Сама деятельность музыкантов в Берлине протекала в не­благоприятной, душной обстановке прусского двора. Неудиви­тельно, что им было легче рассуждать о музыке, чем писать ее. Фридрих II, бывший музыкальным дилетантом (он играл на флейте), весьма по-своему «покровительствовал» развитию светской музыкальной культуры, не терпел церковной музыки и не выносил немецких певцов. Его личные вкусы и мелочная опека тормозили развитие новых направлений музыкального искусства, которые — в то время — стимулировались самой эпо­хой Просвещения. И чем крупнее, чем самостоятельнее оказы­вался придворный музыкант, тем меньше возможностей у него становилось быть понятым при дворе. Ф. Э. Бах так и не завоевал за многие годы достойного признания, хотя создал в Берлине множество произведений и опубликовал свой вы­дающийся труд «Опыт истинного искусства игры на клавире» (1753 — 1762). Если же говорить о творческих образцах для

него, то вряд ли он хоть в какой-то мере мог найти их в Берлине.
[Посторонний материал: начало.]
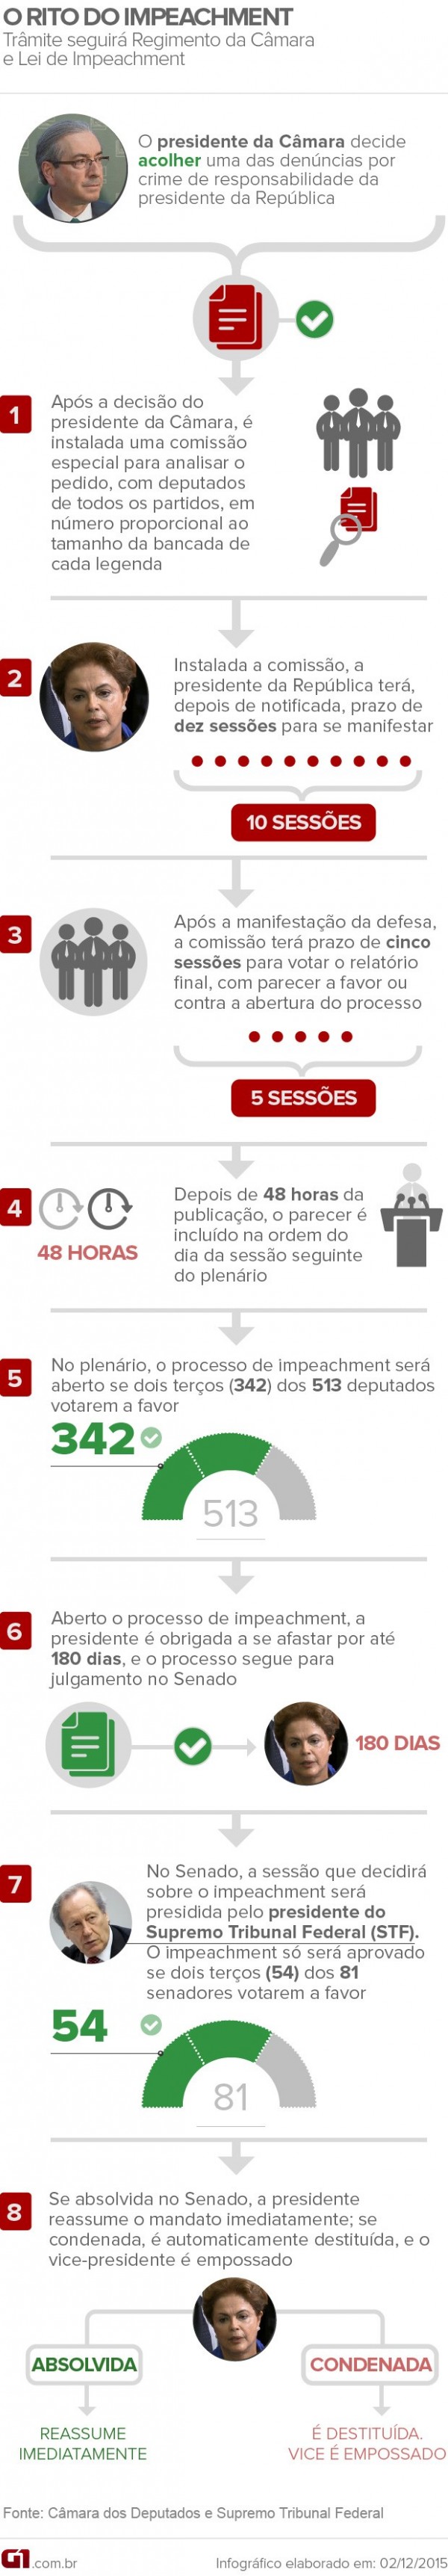 infografico rito impeachment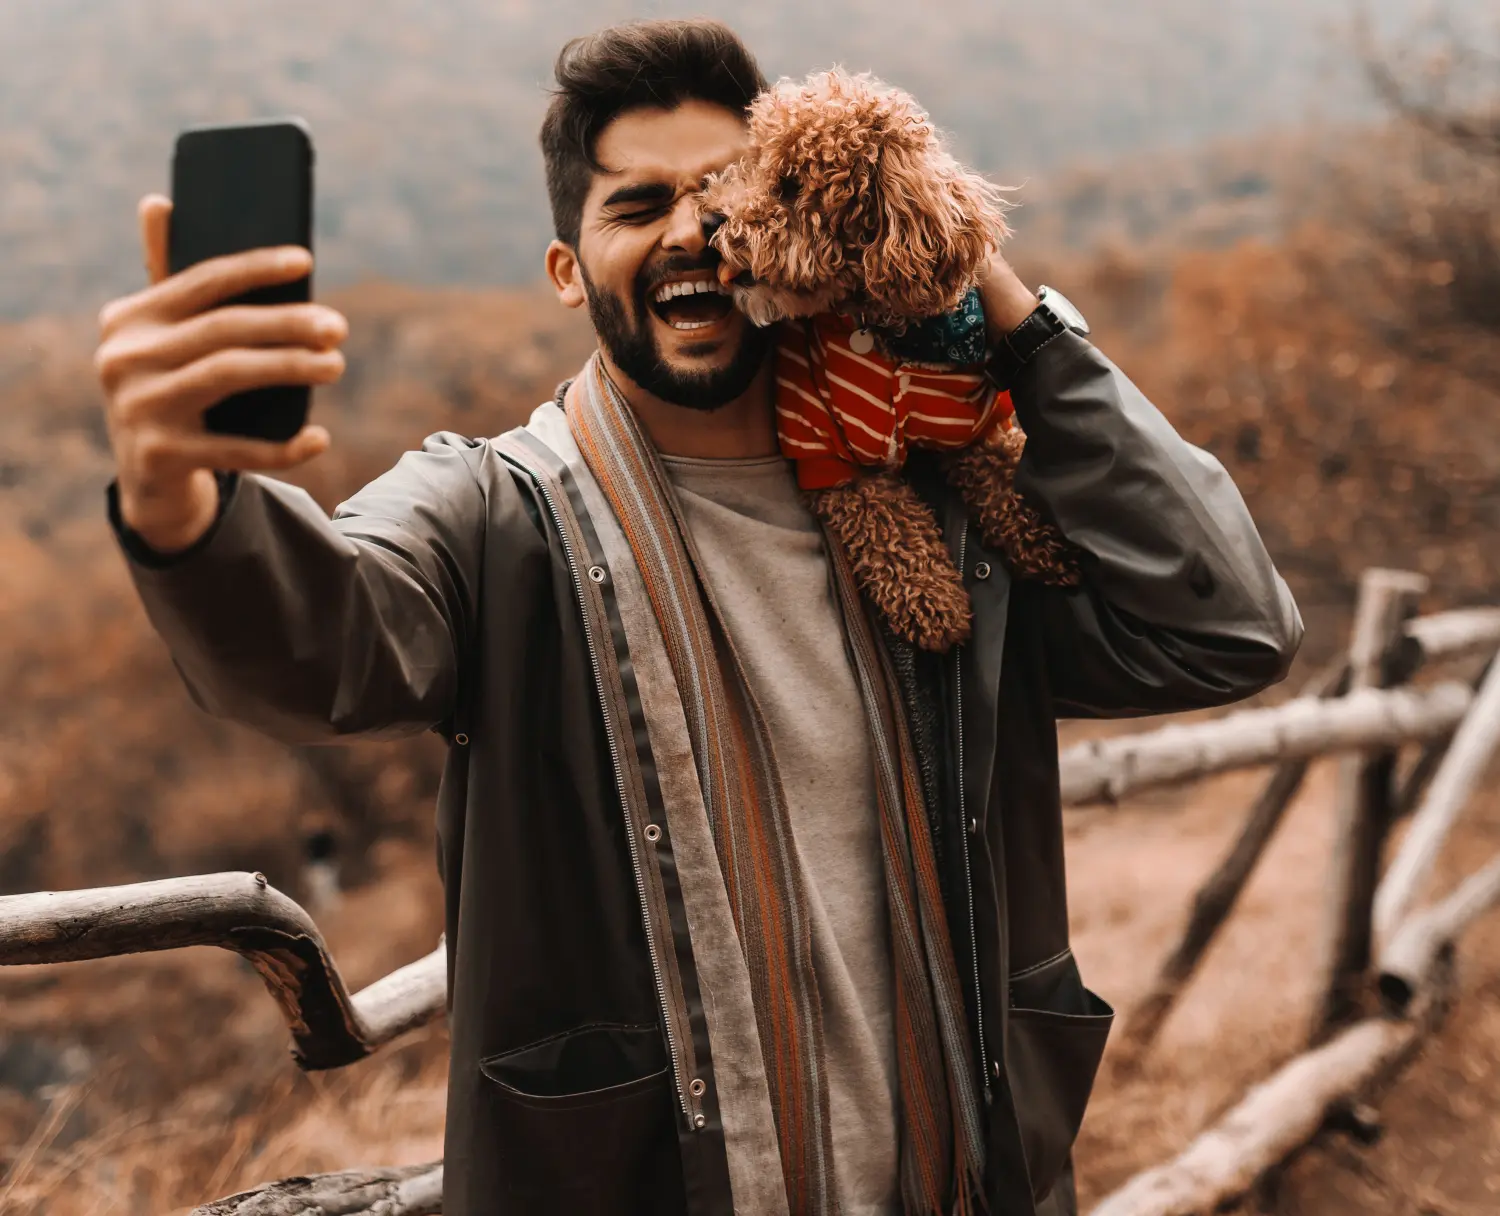 Pudel Fotos und Bilder. Dieser Pudelbesitzer hat großen Spaß ein Selfie mit seinem Pudel zu machen.

Симфоническое творчество берлинцев развивалось еще по преимуществу в тесной связи с оперой: их симфонии еще не преодолели «увертюрного» этапа и возникали в большинстве как вступления к итальянским операм. Правда, в медленных частях симфоний уже проступают и у них черты сентименталь­ной лирики — знамение времени. В целом же симфонический цикл не достигает самостоятельности, свойственной творчеству мангеймцев, да и не разрабатывается с подобной настойчи­востью. Камерный ансамбль и концертная симфония не всегда разграничены в творческом сознании берлинцев. Ф. Бенда, на­пример, писал симфонии-квартеты. Таким образом, о зрелости в понимании жанров говорить еще рано. Многочисленные ка­мерные ансамбли очень неровны по стилю: то близки ансамб­левой музыке старой манеры, то галантны или сентиментальны. Наиболее интересны скрипичные сонаты Бенды, который писал для своего инструмента. Скорее исторический, чем художест­венный интерес представляют сонаты Кванца для флейты. Об­разцы клавирной музыки берлинских композиторов обнаружи­вают очень большой стилевой разнобой: трудно представить, что простая, легкая, песенно-галантная сонатная композиция Нихельмана возникла в той же художественной среде, что и вязкие по фактуре, иногда имитационные по складу, внутрен­не фрагментарные сонатные циклы Бенды. Но как бы ни были различны творческие тенденции берлинцев того времени, Ф. Э. Бах не похож ни на кого из них: он идет своим путем и в итоге испытывает желание покинуть Берлин ради Гам­бурга, расширить сферу своей деятельности и освободиться от придворной зависимости.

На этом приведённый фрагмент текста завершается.